- SR-109 highlighted in red

Route information
- Maintained by UDOT
- Length: 2.962 mi (4.767 km)
- Existed: 1931–present

Major junctions
- West end: SR-126 in Layton
- East end: US 89 in Layton

Location
- Country: United States
- State: Utah
- Counties: Davis

Highway system
- Utah State Highway System; Interstate; US; State; Minor; Scenic;
| ← SR-108 |  | → SR-110 |

= Utah State Route 109 =

Highway in Layton, Utah

State Route 109 (or SR-109) is a state highway in the U.S. state of Utah. The route serves as an east-west connector in the city of Layton in Davis County.

==Route description==
SR-109 begins at the intersection of SR-126 (Main Street) and Gentile Street in the historic section of Layton, close to the historic Utah Central Railroad and the current-day Union Pacific Railroad, and the Layton Frontrunner station. From here, the route travels east along Gentile Street, almost immediately crossing I-15 via an overpass, after which it passes by the Layton city offices and Layton High School. From this point onwards, the route primarily passes by residential subdivisions, crossing Fort Lane and Fairfield Road, the two primary north-south roads in the area.
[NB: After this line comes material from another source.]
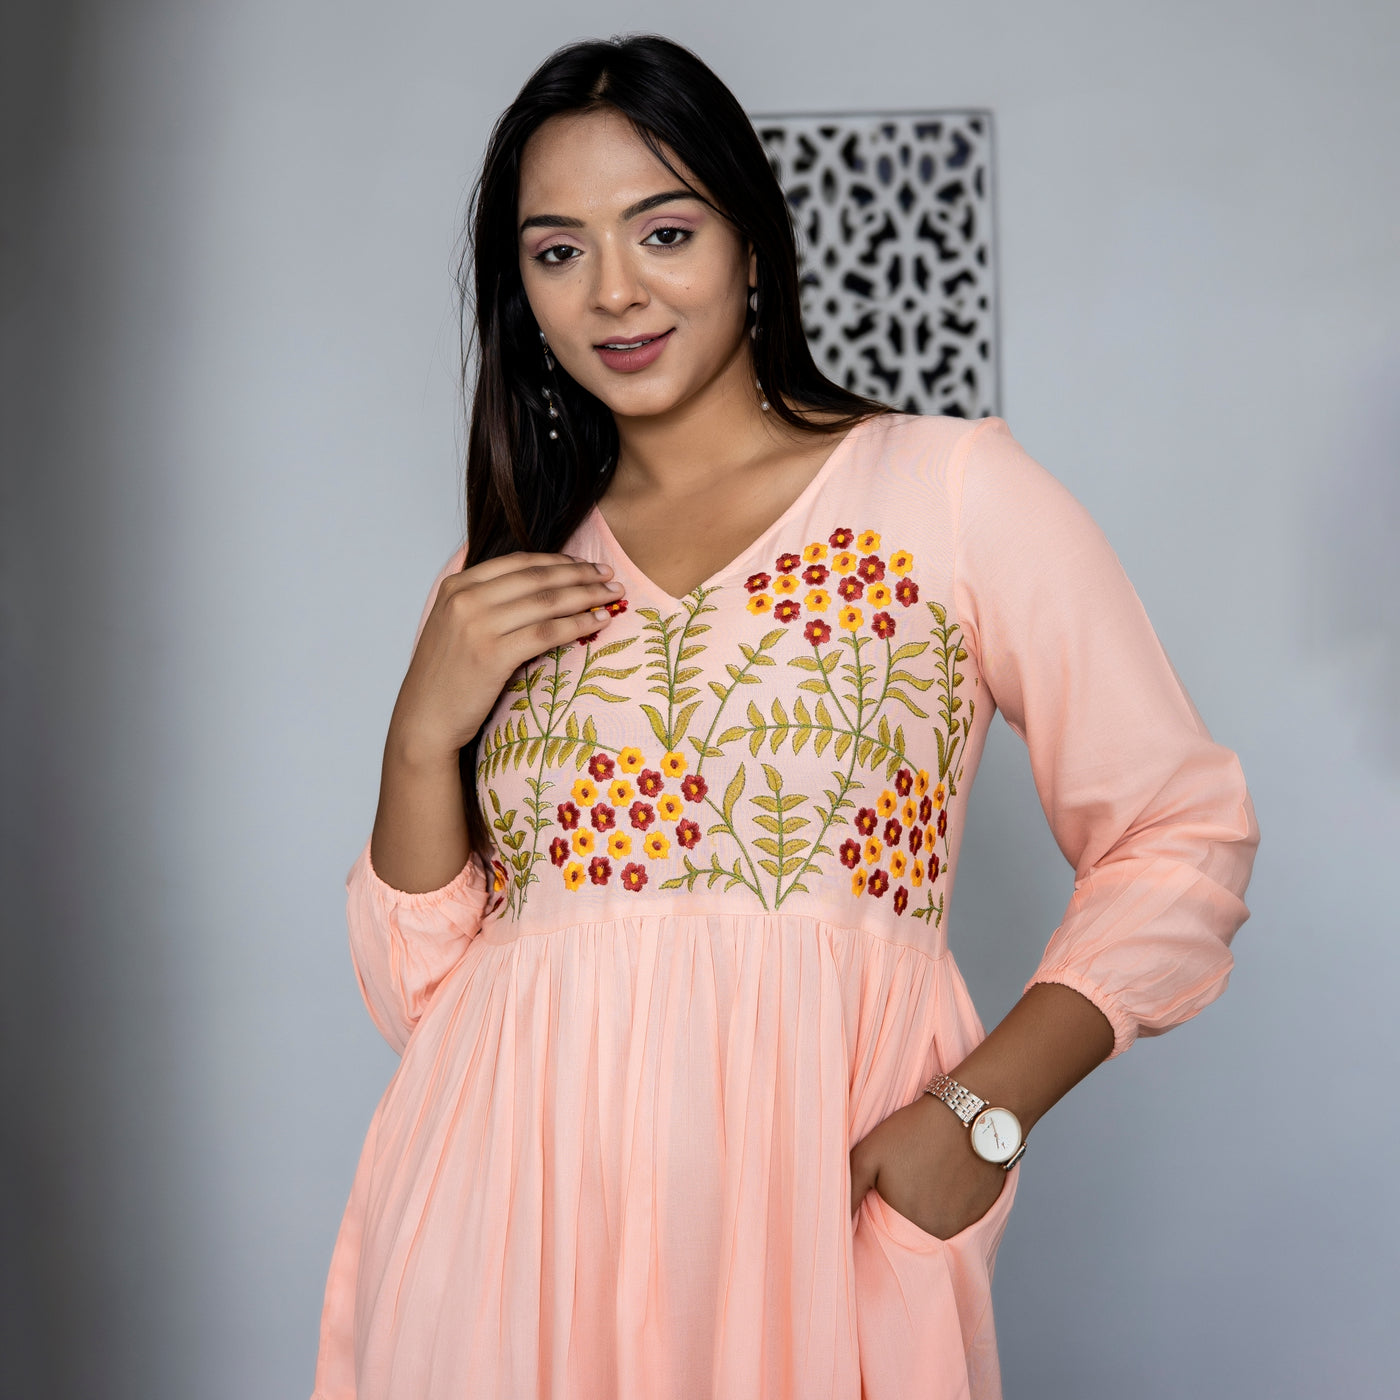 Rayon Peach Embroidered Mom and Daughter Tiered Dresses

Shortly after Fairfield, the route splits off from Gentile Street, becoming Oak Hills Drive as it continues east-northeast, climbing into the foothills of the Wasatch Mountains, where it ends at a diamond interchange with US 89.

==History==
SR-109 was originally established in 1931 as the road from SR-1 (US 91) westerly for four miles along what is now Gentile Street in Layton.

In 1969, the route was moved to the east along the same street (Gentile Street) to its current alignment.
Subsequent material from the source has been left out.